# RECORDS SUPPLIED
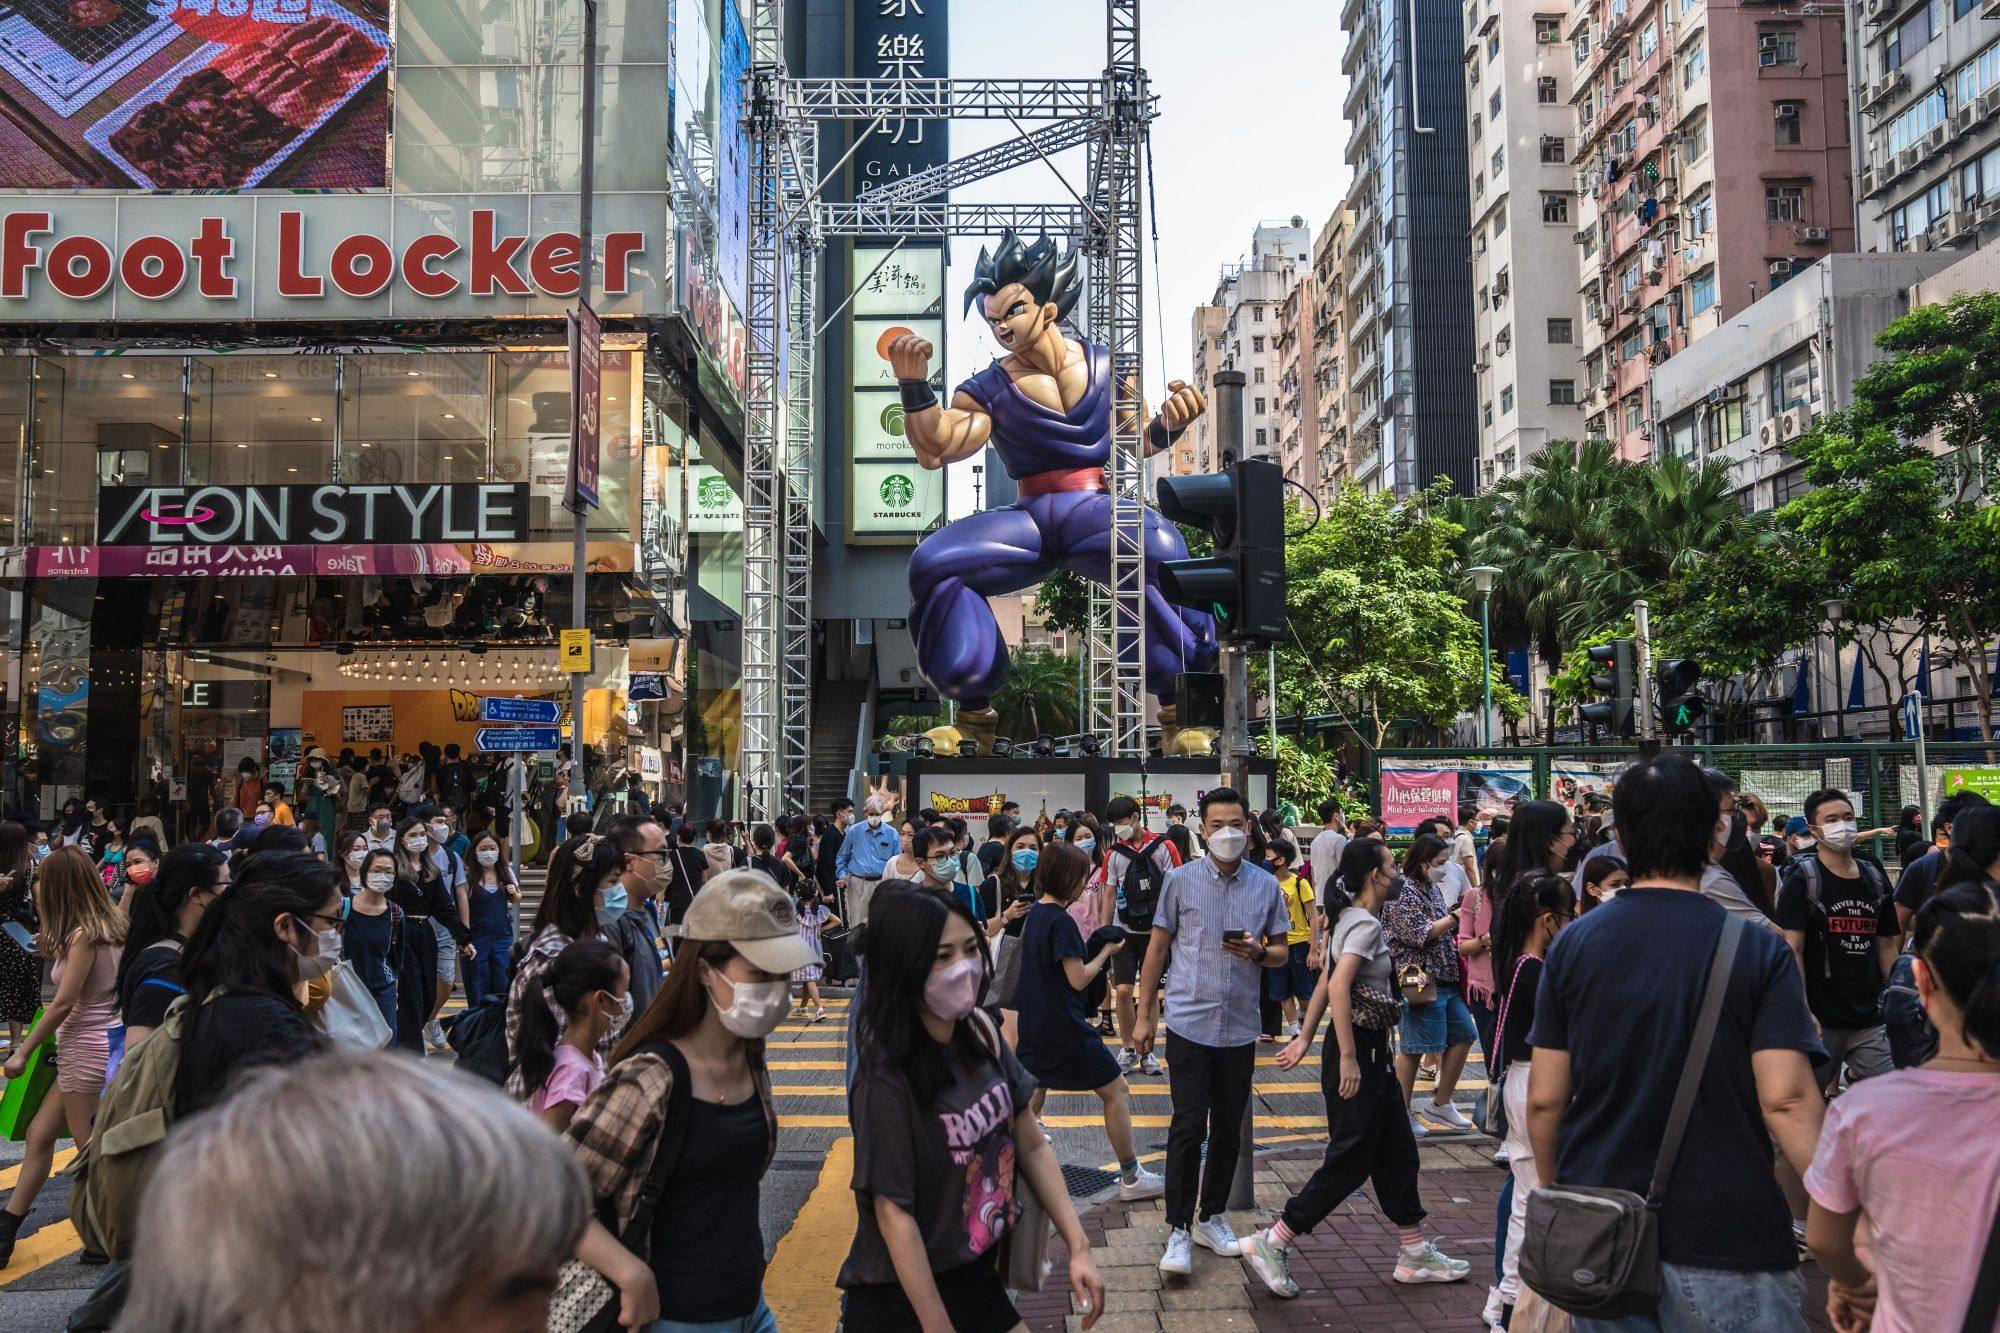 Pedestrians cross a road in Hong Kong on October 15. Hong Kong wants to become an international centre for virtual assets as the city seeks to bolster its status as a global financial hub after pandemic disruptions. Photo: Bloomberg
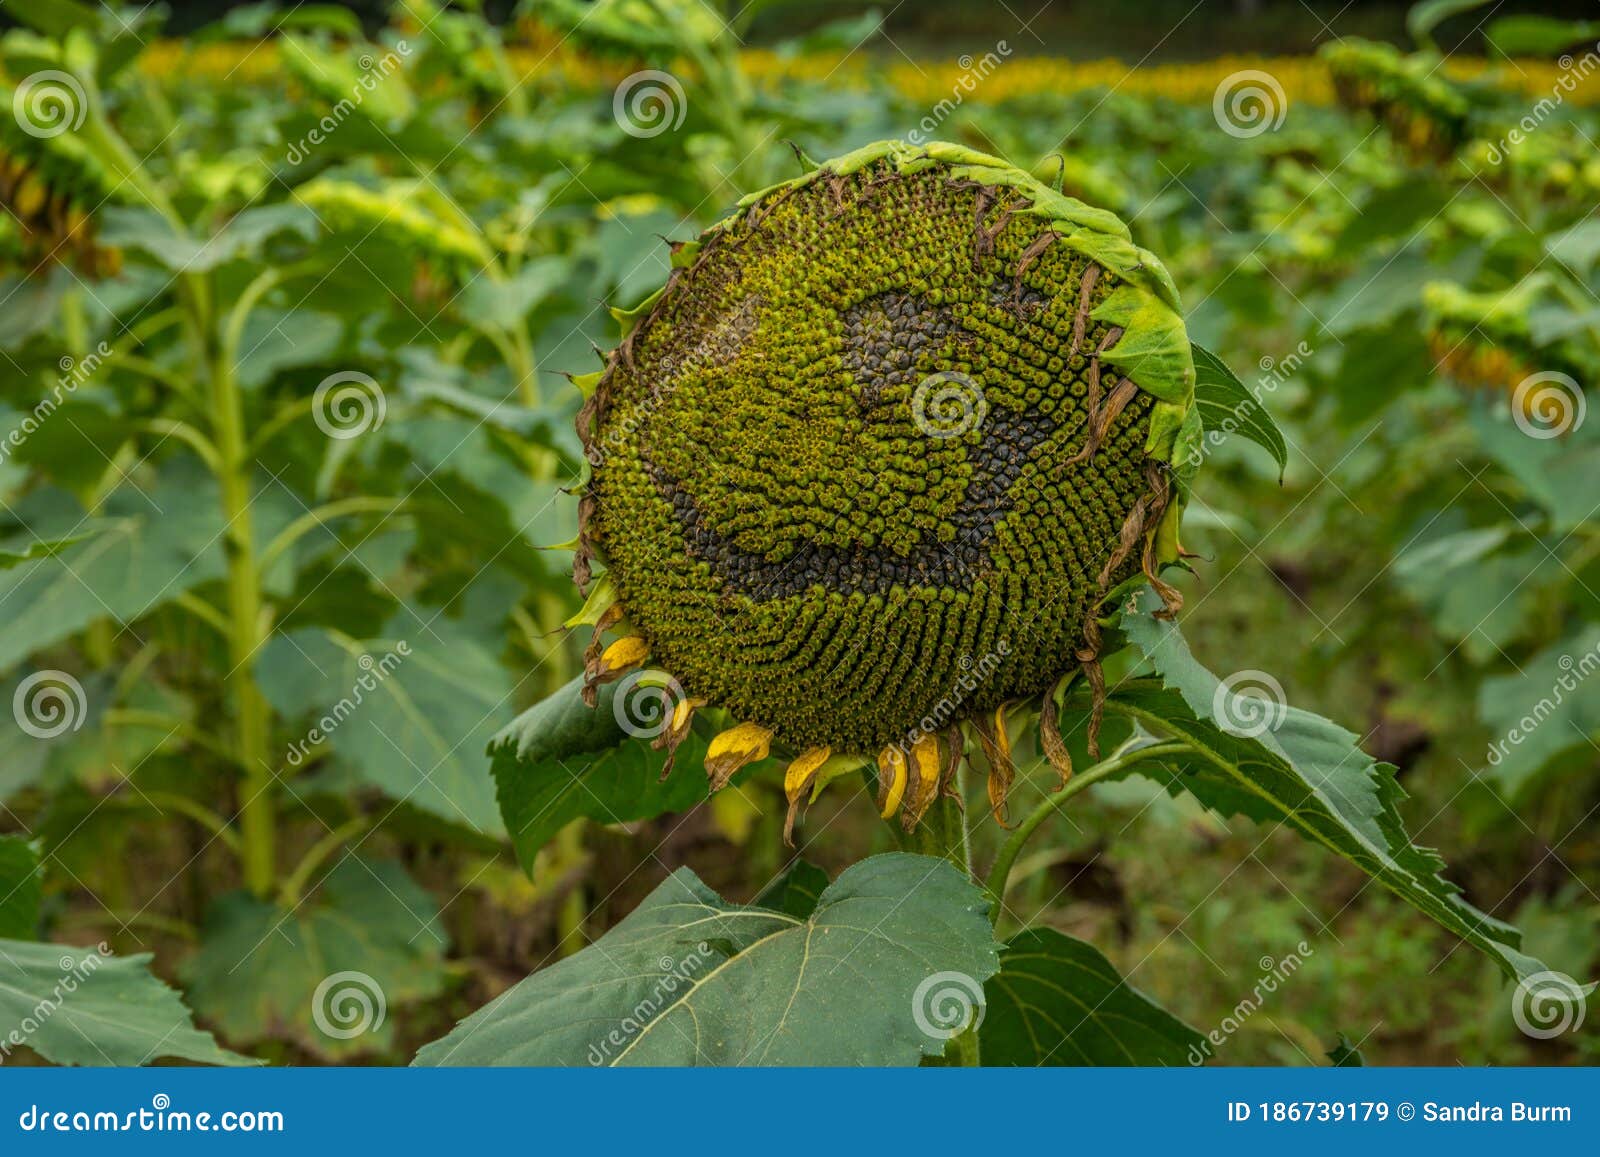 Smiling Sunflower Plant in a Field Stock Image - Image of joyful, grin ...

---

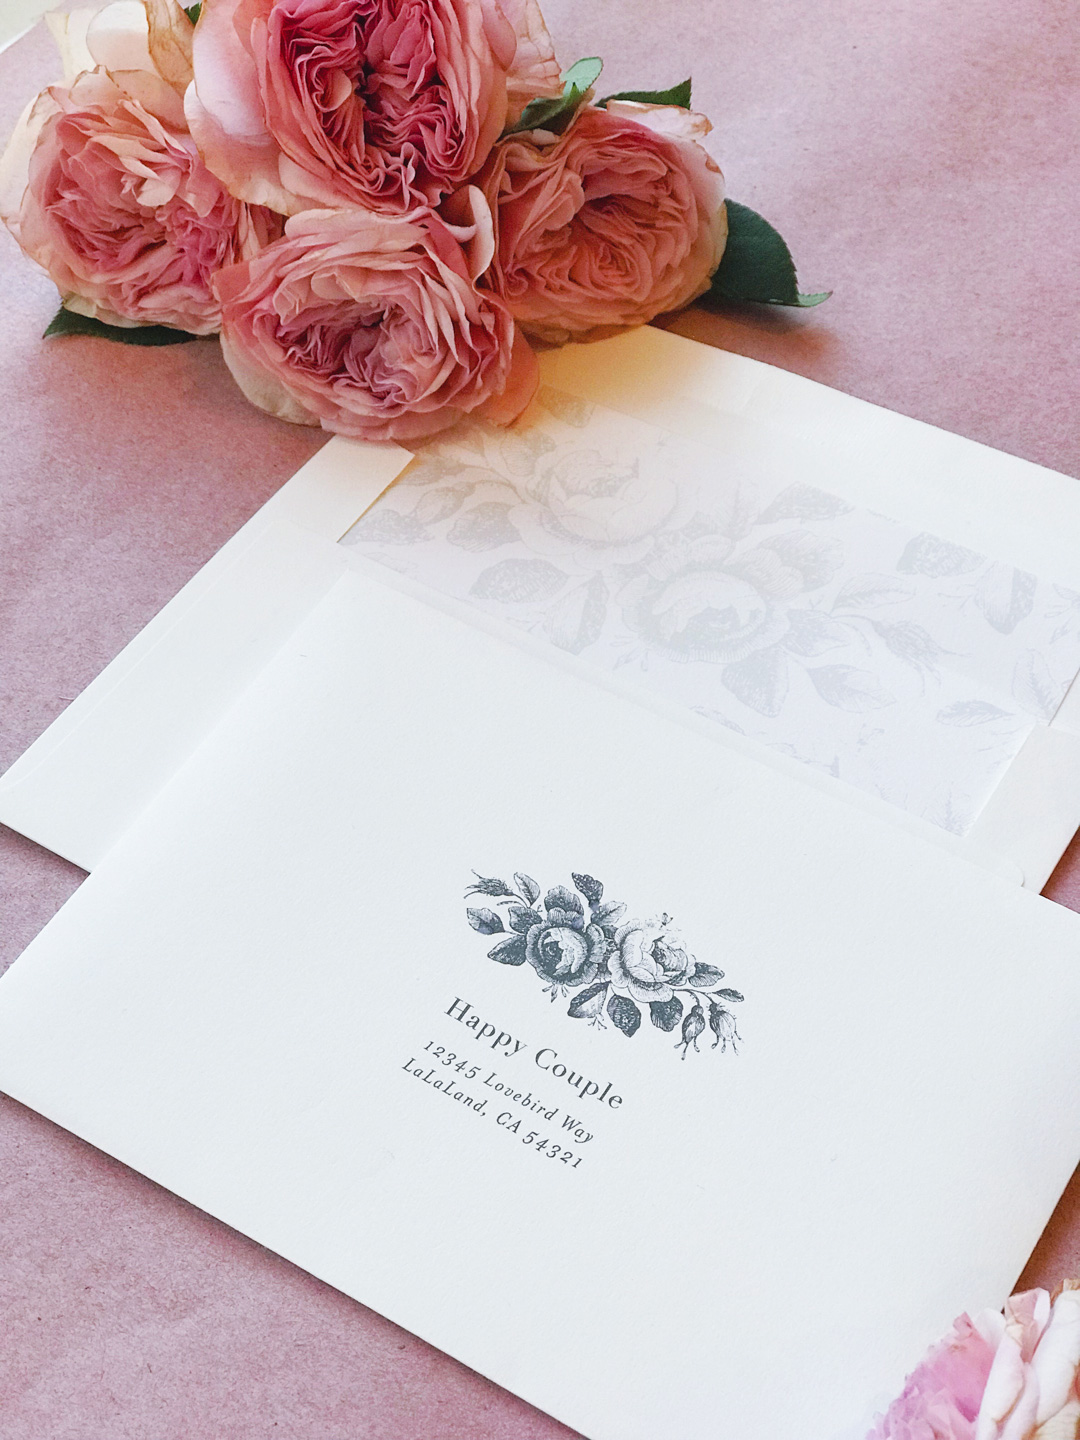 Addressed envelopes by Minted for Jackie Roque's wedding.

# THE PROBLEM
Only the lines between the one with "Pedestrians cross a" and the one with "Smiling Sunflower Plant", those two included, get copied from the material above. Keep it exact and free of pictures.

# EXERCISE SOLUTION
 Pedestrians cross a road in Hong Kong on October 15. Hong Kong wants to become an international centre for virtual assets as the city seeks to bolster its status as a global financial hub after pandemic disruptions. Photo: Bloomberg
 Smiling Sunflower Plant in a Field Stock Image - Image of joyful, grin ...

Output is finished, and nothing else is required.